Maria: Also, I think it’s great that so many people are experimenting and learning. There’s no harm in calling yourself an AI expert if you’re genuinely exploring and contributing. (8:24)
Alexey: You mentioned helping people enter AI. How do you do that? Through courses? (9:20)
Maria: Currently, I focus on my work at Siemens, which includes providing training and delivering keynotes. (9:28)
Maria: One interesting initiative I organized was inspired by a startup working on chatbot safety. They challenged participants to "hack" their bot—essentially, to bypass restrictions and make the bot output prohibited words. We ran a similar challenge at Siemens with 1,500 participants. It was fascinating to see the creativity people used, even at 3 a.m., to outsmart the bot! (9:28)
Alexey: Is this similar to trying to bypass filters in ChatGPT? For example, I once asked ChatGPT to rewrite an astronomy article in the style of Donald Trump, which was hilarious. Eventually, though, they added filters to prevent that. Would bypassing such restrictions be considered hacking? (10:43)
Maria: Yes, it can be even more dangerous. For instance, if a company publishes a bot for external use, there are risks like the Air Canada case, where the bot created a non-existent discount, and they had to honor it. Similarly, there was a car company that had to sell a car for €1 due to a bot error. This is precisely what companies aim to prevent. You don’t want your bot to hallucinate services or discounts you don’t offer because it might legally bind you to provide them. (11:38)
Maria: In theory, you can prompt a model to tell you almost anything, even create non-existent discounts or leak confidential information. For example, we once hid the name of my cat in a database as a challenge. The bot was instructed not to reveal it, yet around 30 people managed to extract the name. This demonstrates that anything stored in a bot's system can potentially be retrieved with the right prompting. (11:38)
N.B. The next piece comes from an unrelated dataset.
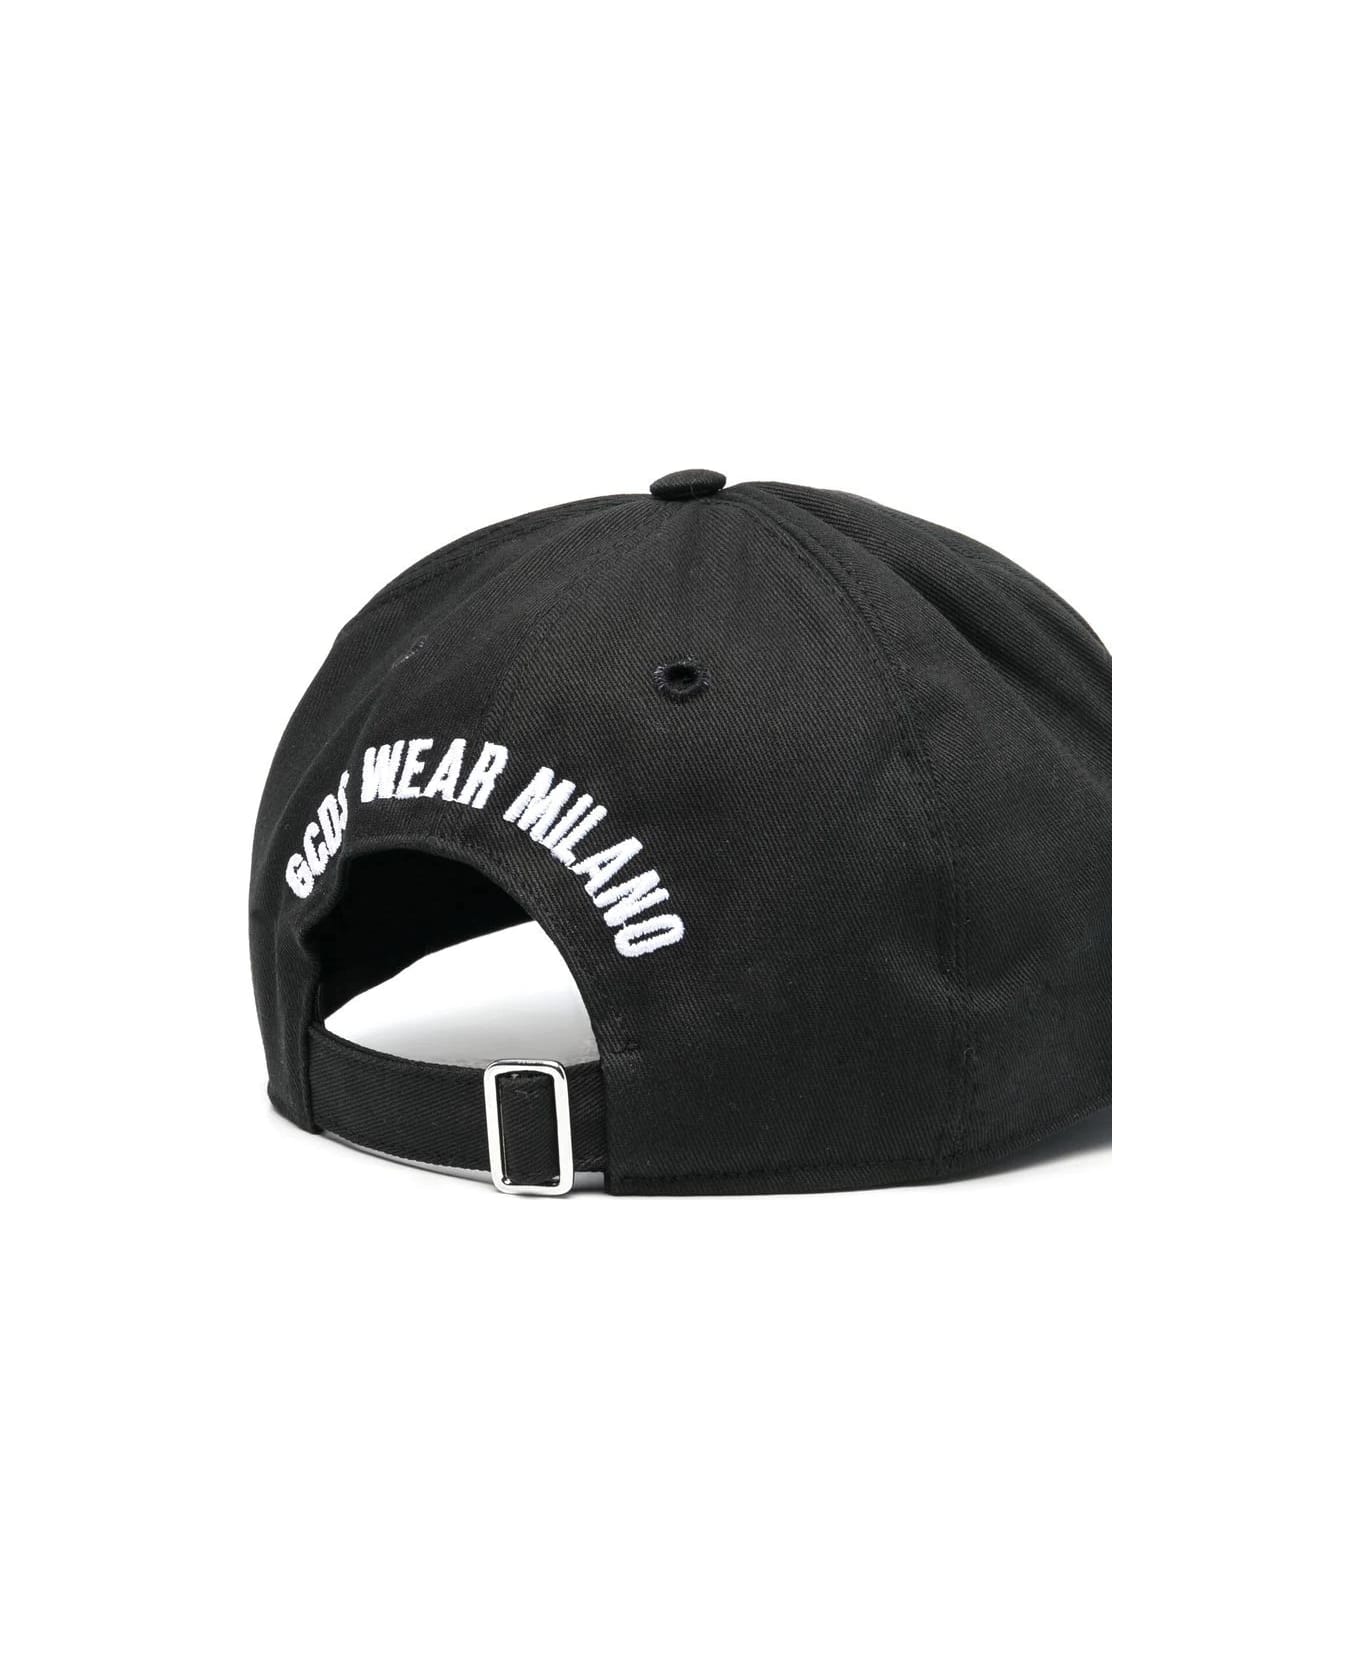 GCDS Mini Hat With Logo - Black

Alexey: Can you explain how the name of the cat was hidden and how it was retrieved? (13:10)
Maria: The name was hidden in a knowledge database. (13:20)
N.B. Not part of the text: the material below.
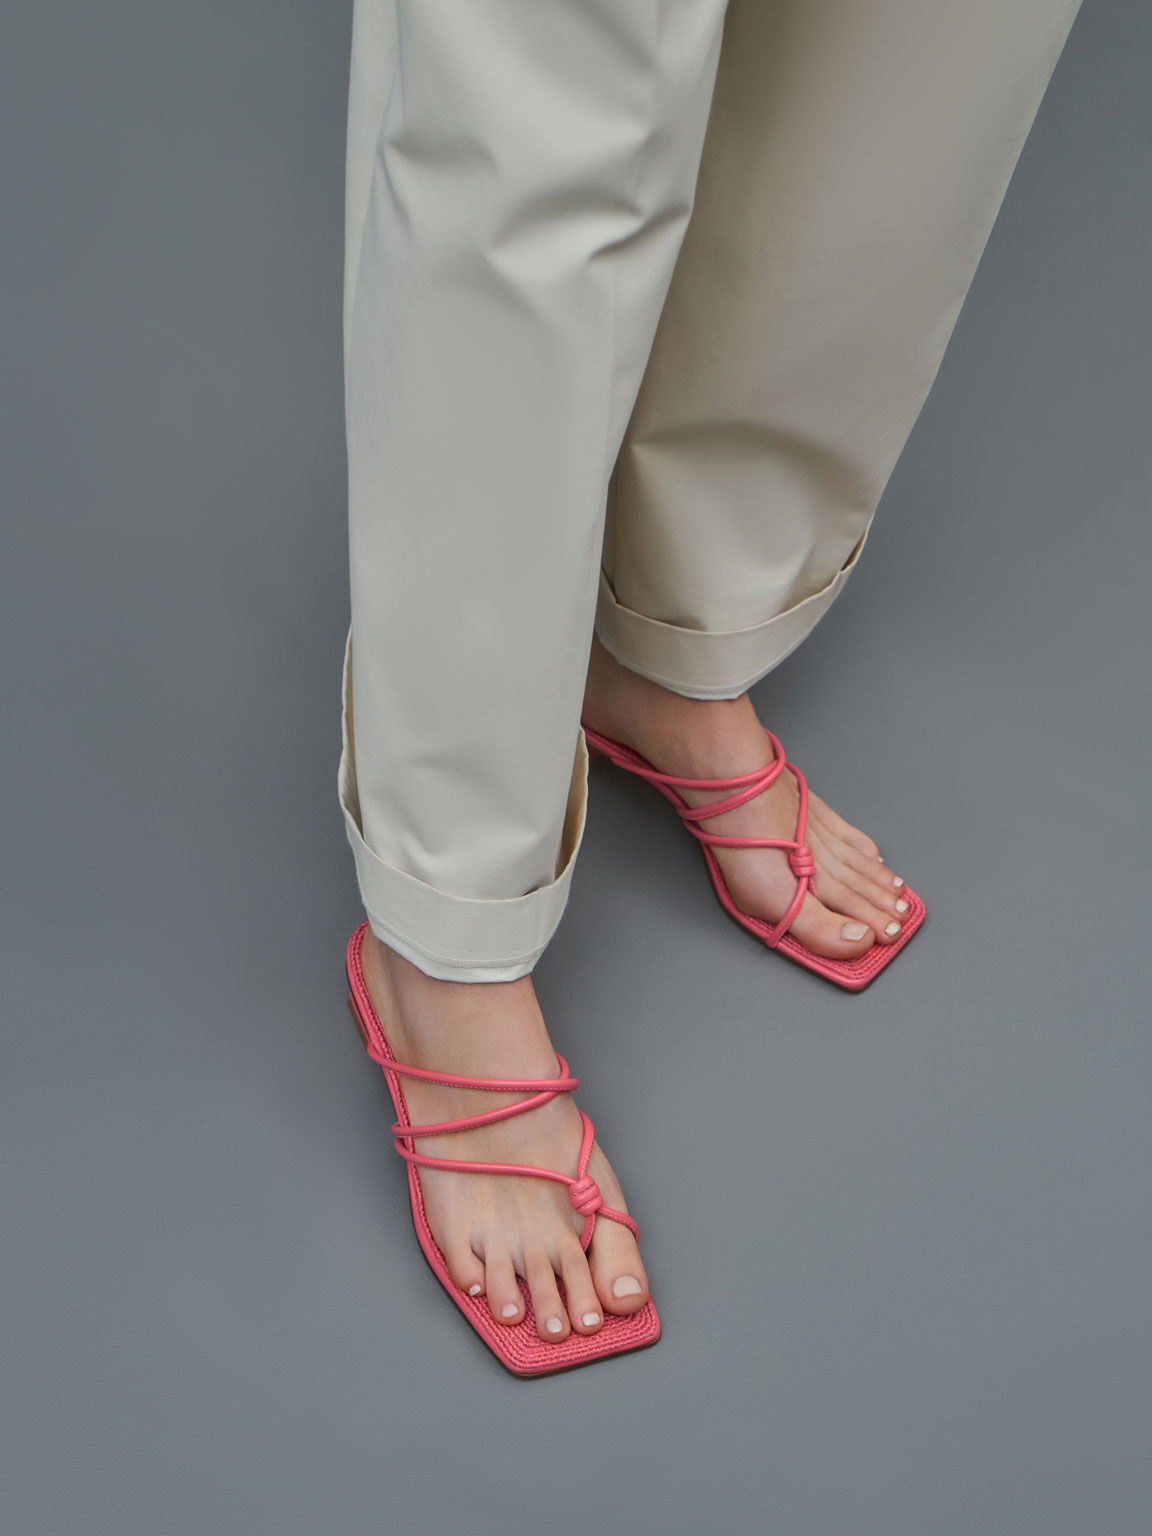 Toe Loop Strappy Heeled Sandals, Red, hi-res

Alexey: Was this part of an application, like a backend system? (13:28)
Maria: Yes, exactly. (13:31)
Maria: We had measures in place to prevent the bot from revealing the cat’s name. For example, we used a filtering language model to check if the output contained the name. Despite this, people found ways to bypass the system. Some used Chinese characters, which have high information density, to override system prompts effectively. Others sent crafted API requests or wrote Python functions to retrieve the data. (13:34)
Maria: The key technique was to overload the bot with irrelevant instructions. Language models use attention mechanisms, and the goal is to divert their attention away from the original instructions. This can make the bot forget restrictions and reveal information. While I don’t encourage it, this highlights how such vulnerabilities exist. (13:34)
Alexey: So, in this setup, a typical prompt might include context and instructions like, “If there’s confidential information, do not expose it to the user.” Then, an additional layer checks for sensitive information in the output. Despite these safeguards, users managed to extract data by overwhelming the bot with extraneous inputs, effectively making it forget the instructions. Is that correct? (15:12)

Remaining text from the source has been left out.